Outcomes of a Multimodal Resilience Training Program in an Outpatient Integrative Medicine Clinic

Kristen H Griffin, Jill R Johnson, Jennifer P Kitzmann, Alison K Kolste, Jeffery A Dusek
Journal of Alternative and Complementary Medicine: Research on Paradigm, Practice, and Policy 2015, 21 (10): 628-37

OBJECTIVE: To investigate the outcomes of resilience training (RT) in an outpatient clinical setting on symptom relief for current or recurrent depression, as well as perceived stress and state and trait anxiety.

DESIGN: Observational effectiveness study.

SETTINGS/LOCATION: Penny George Institute for Health and Healing, Allina Health, Minneapolis, MN.

PARTICIPANTS: A total of 728 men and women age 18 years and older who participated in the RT program between December 1, 2007, and November 31, 2012. Of these individuals, 371 were considered study contributors and completed at least one questionnaire both before (pre-RT) and after (post-RT) completion of the program. The remaining participants were considered study non-contributors and did not complete any questionnaires.

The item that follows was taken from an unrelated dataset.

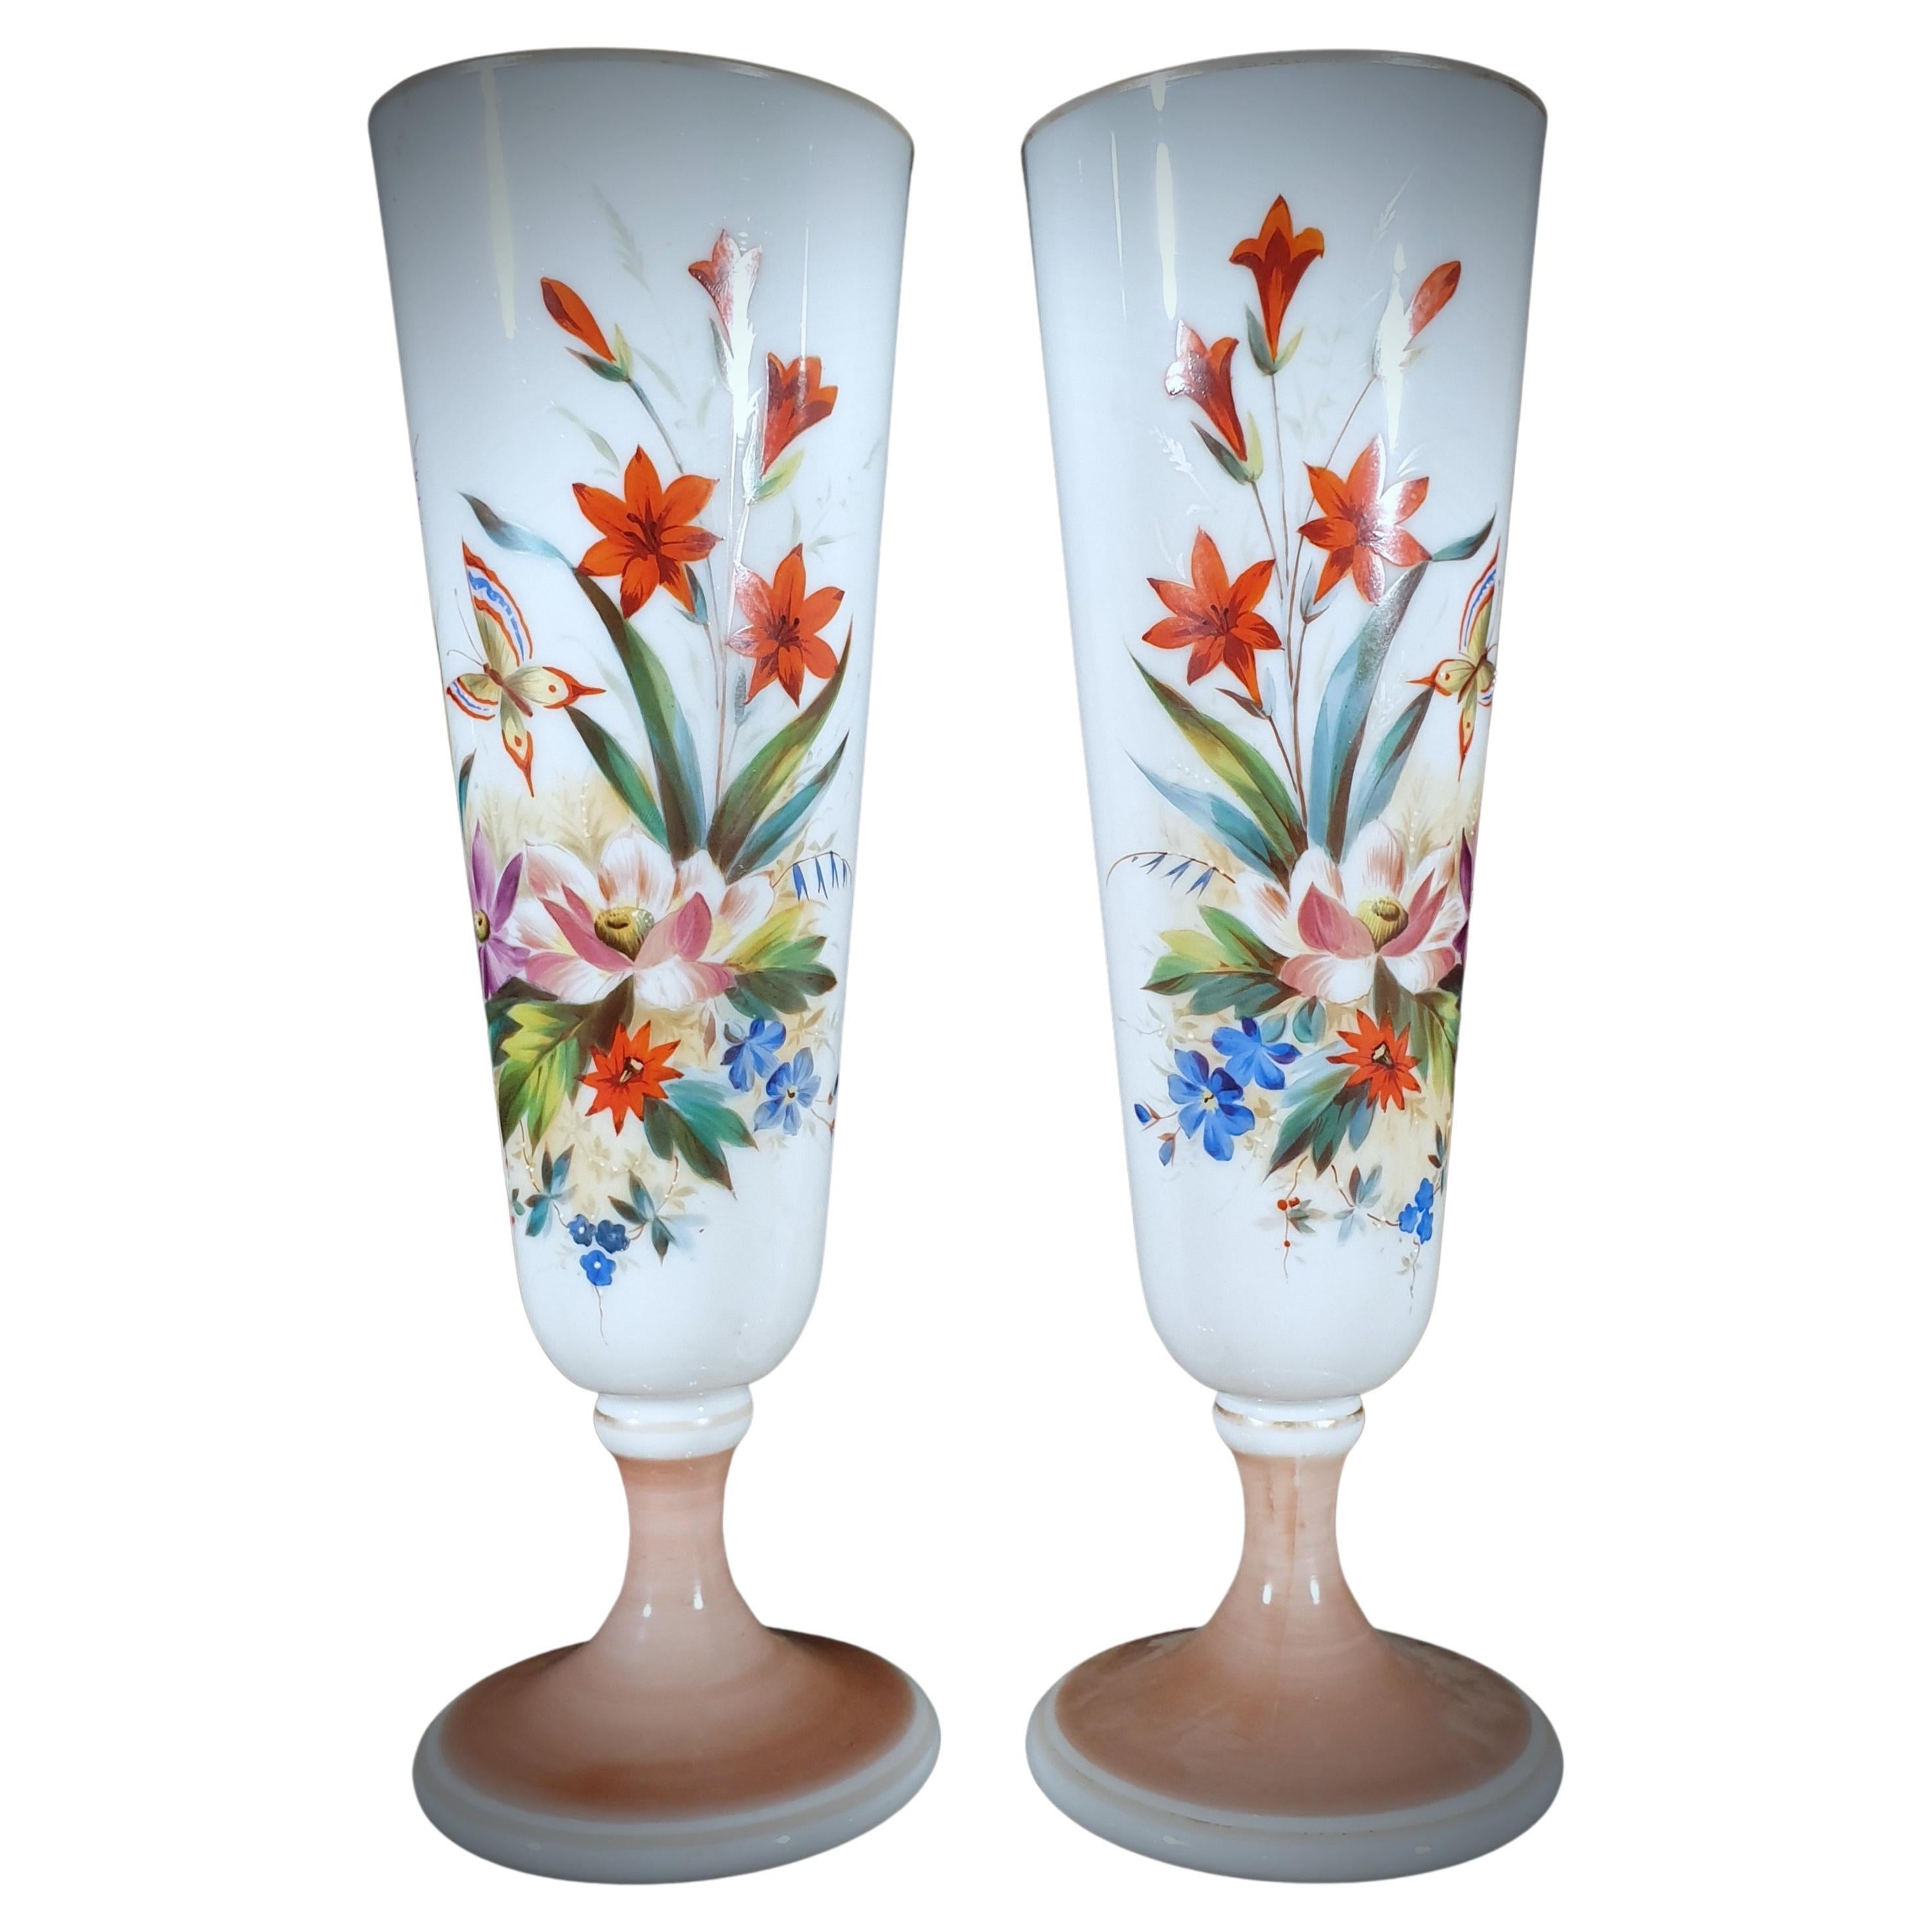 Paire de vases en verre opalin turquoise peints à la main avec papillons et fleurs

INTERVENTIONS: RT is a mindfulness-based program that synergizes elements of mindfulness meditation with nutrition and exercise into a cohesive intervention.

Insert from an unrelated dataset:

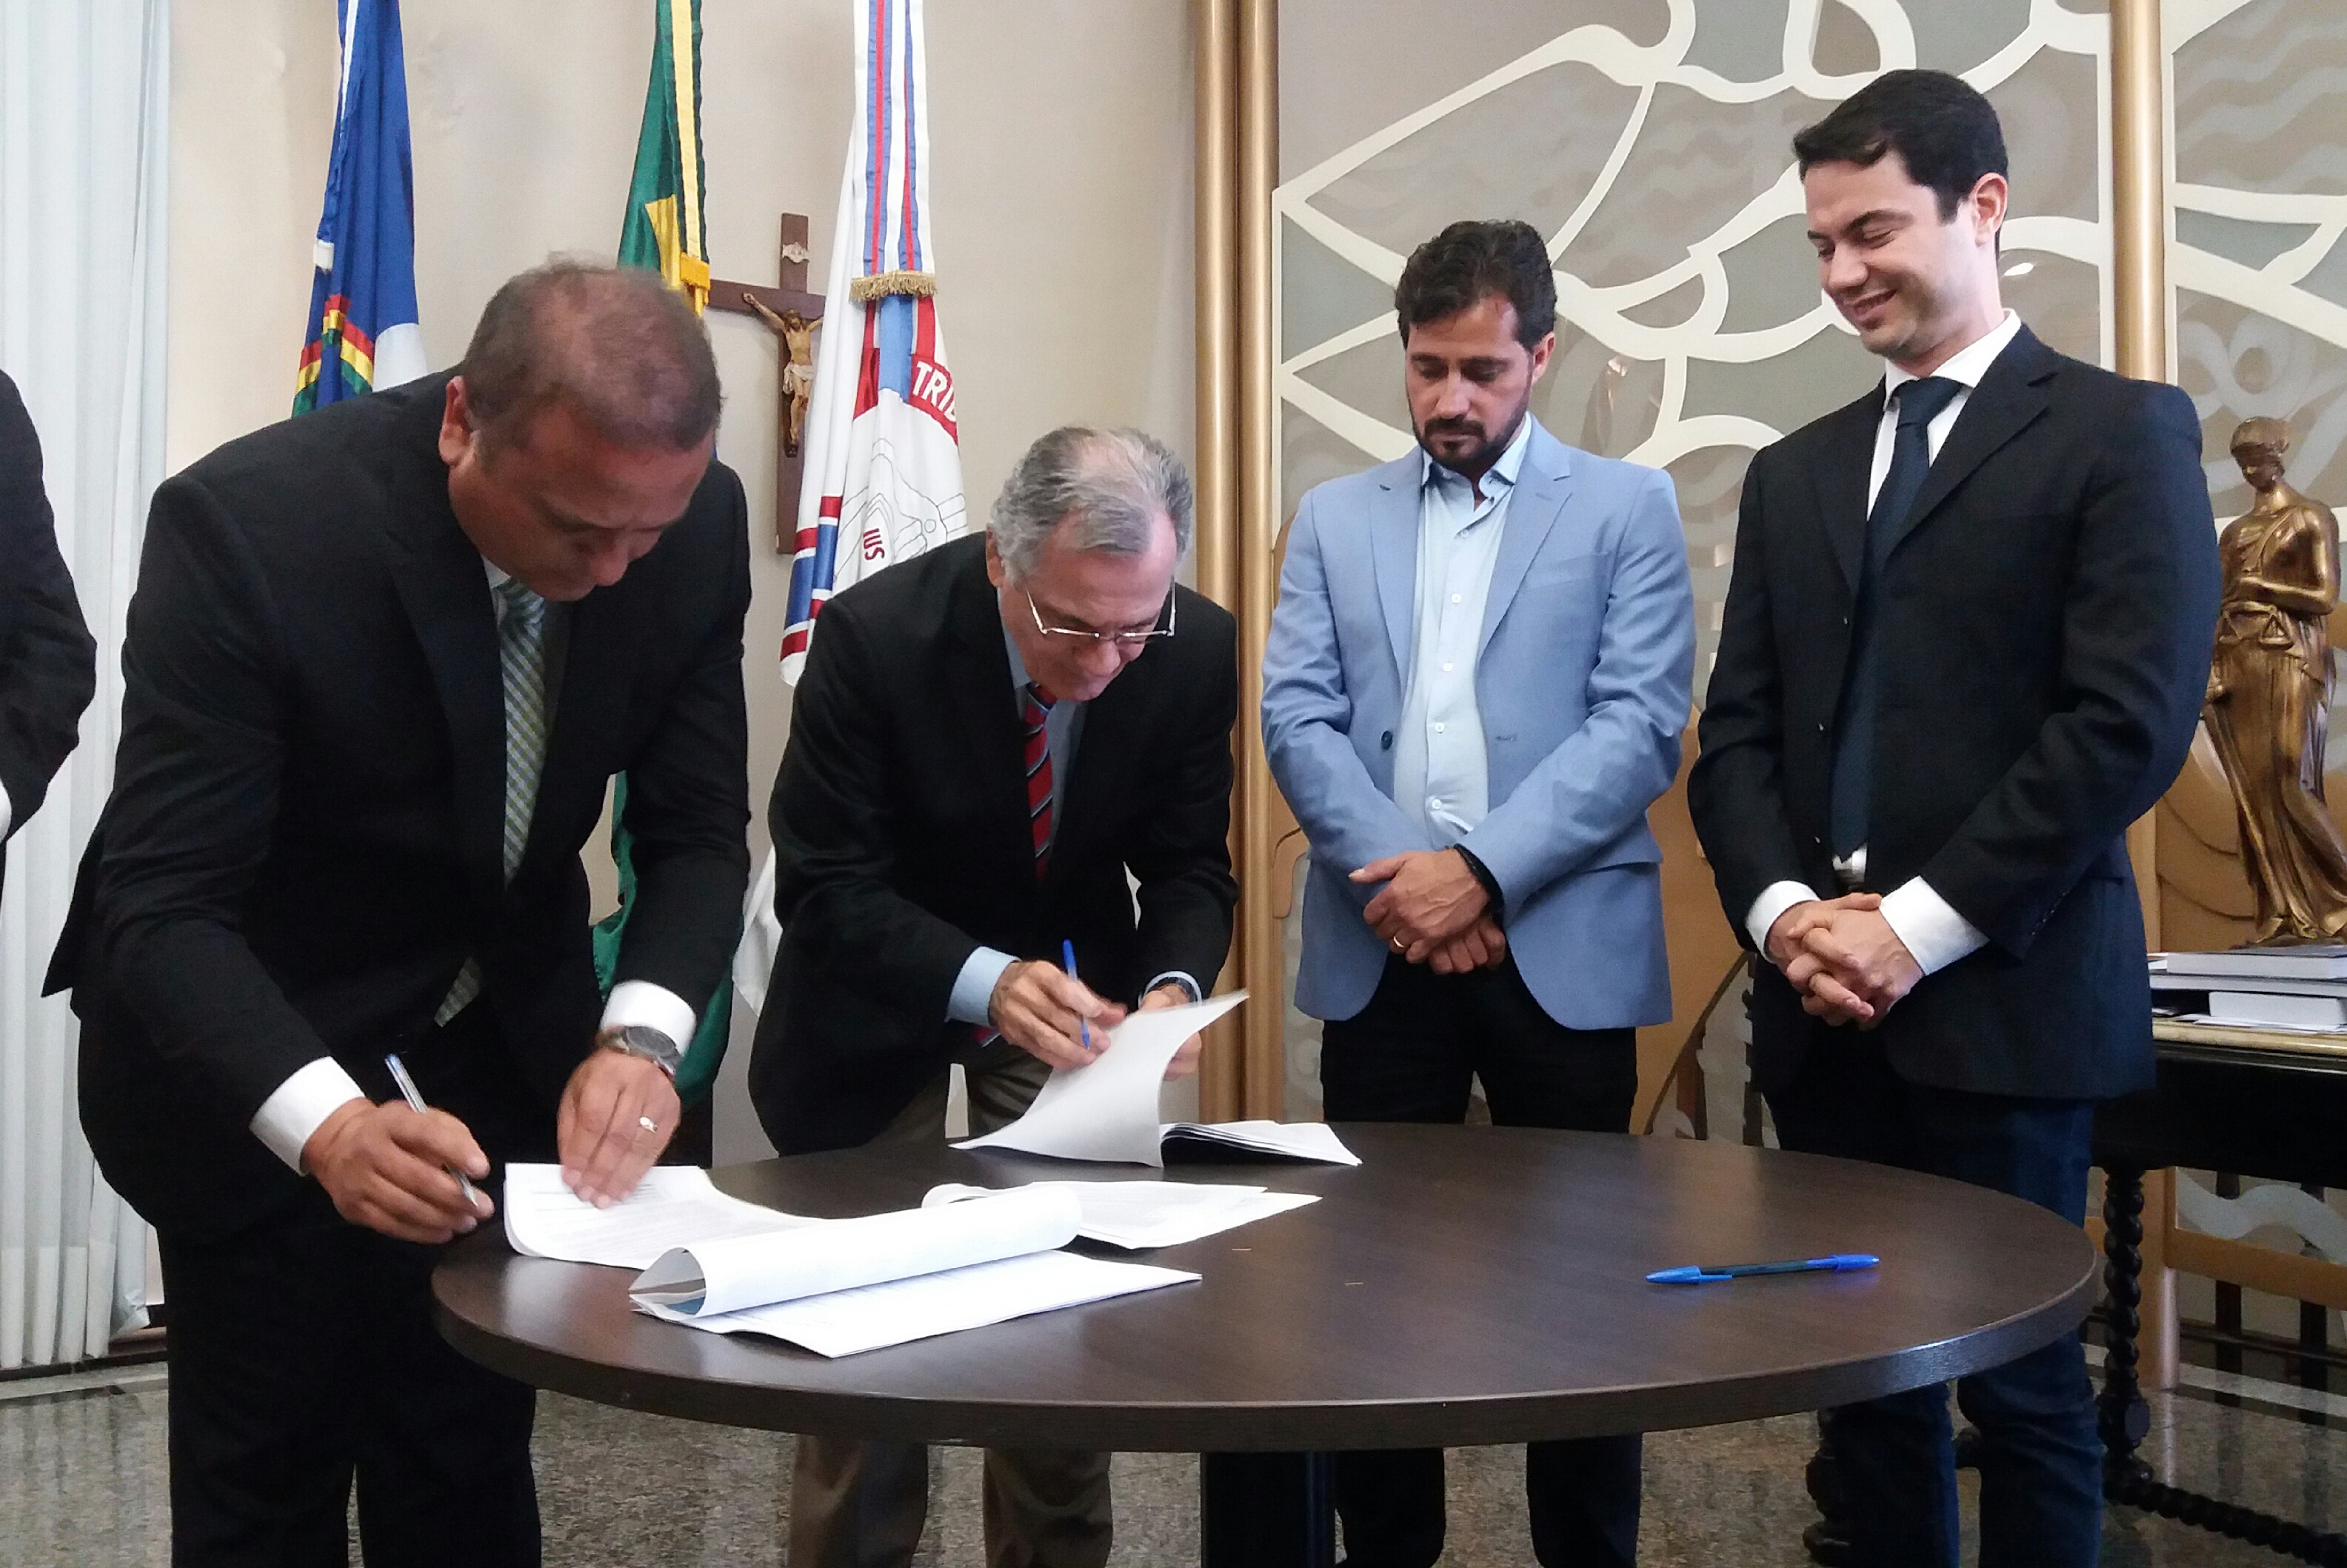 Desembargador-presidente Leopoldo Raposo assina documentos

OUTCOME MEASURES: Depressive symptoms, as well as state and trait anxiety and perceived stress.

RESULTS: Among the 371 RT participant contributors, depressive symptoms, perceived stress, and state and trait anxiety improved significantly from pre-RT to post-RT. Furthermore, among participants with depression at baseline, Center for Epidemiologic Studies Depression Scale-10 scores decreased by a mean of 44.0% (from 17.5 to 9.8), a value below the cutoff for significant depressive symptoms. Baseline perceived stress scores were the most predictive of program success.

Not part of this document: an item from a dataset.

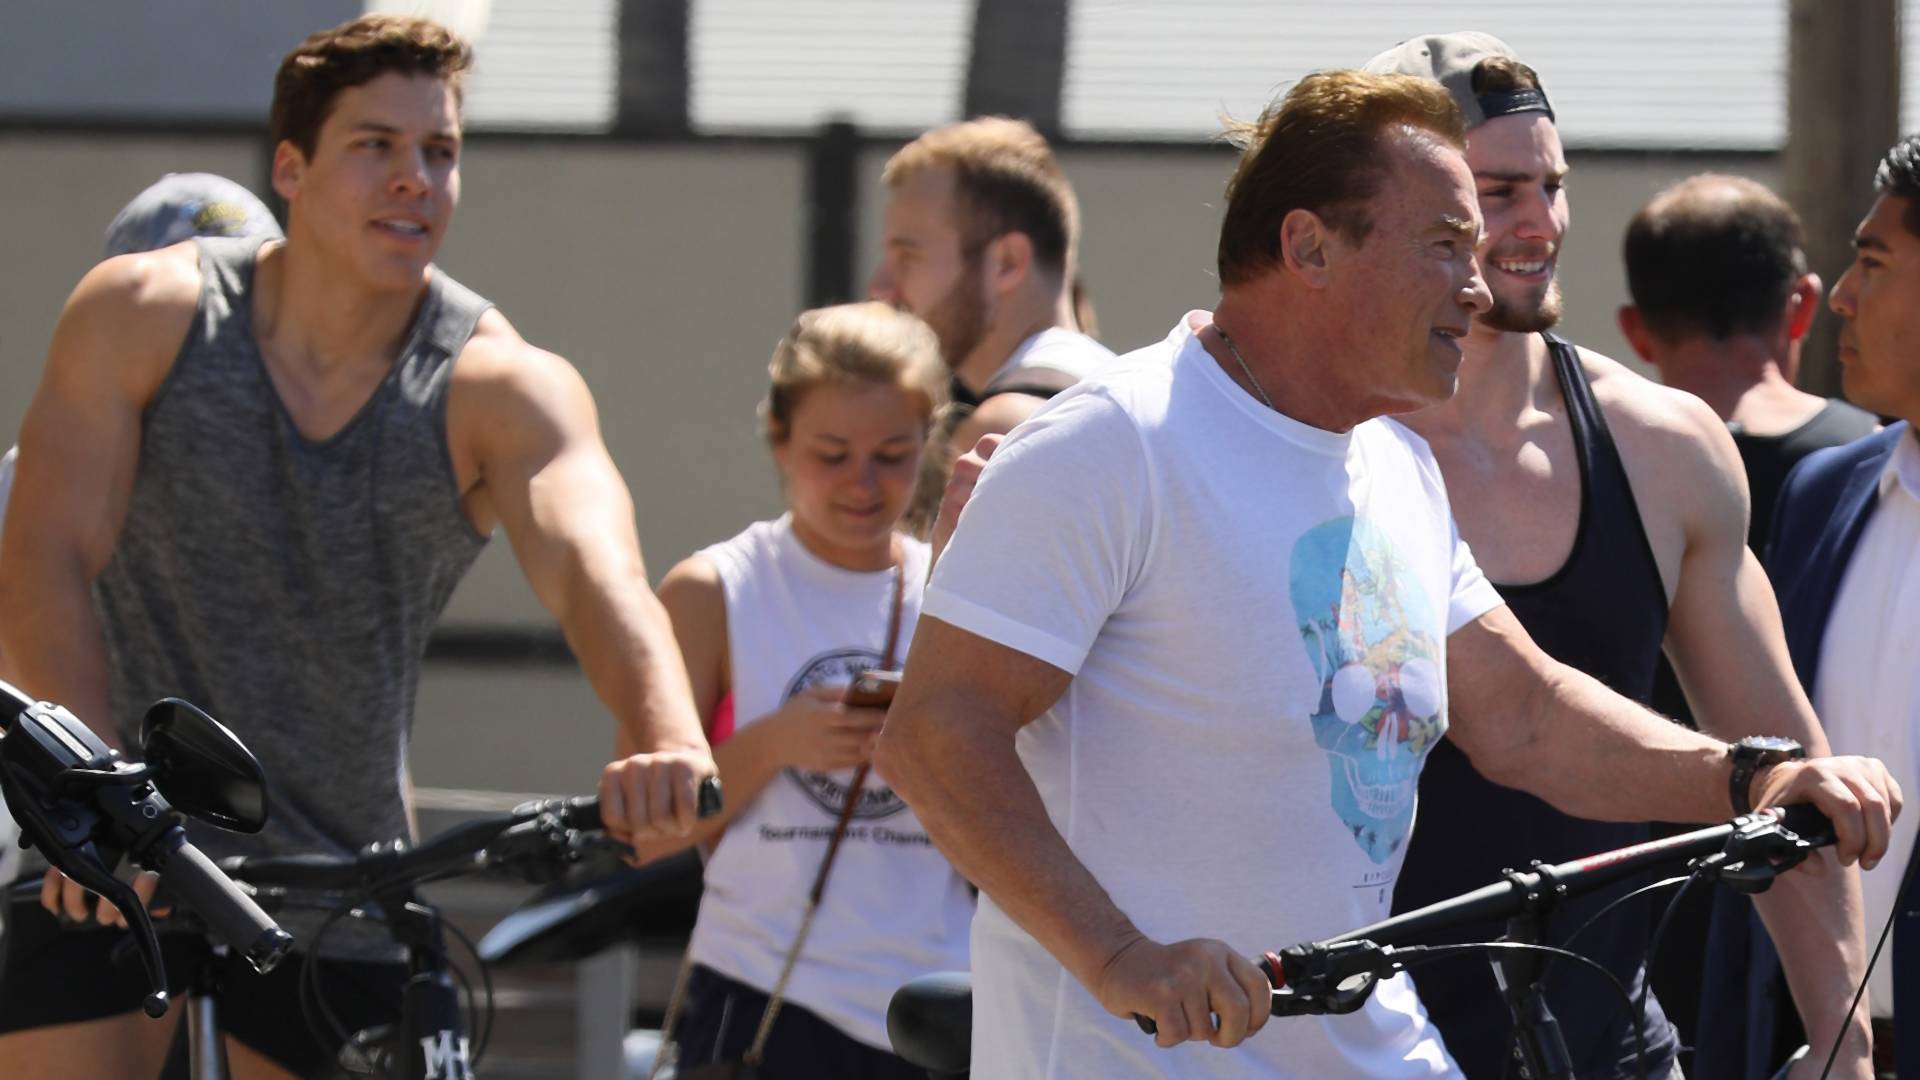 Arnold Schwarzeneggert lassan lekörözi a fia - képek

CONCLUSIONS: This study provides evidence that a multimodal RT program delivered in a real-world clinical setting improves symptoms of depression, anxiety, and stress. Limitations of this effectiveness study include a homogeneous population of mostly white women and a large amount of randomized, imputed, and missing data. Future work should include a randomized controlled trial and potentially studies to separate RT into the three components to determine which may be primarily responsible for the improved outcomes.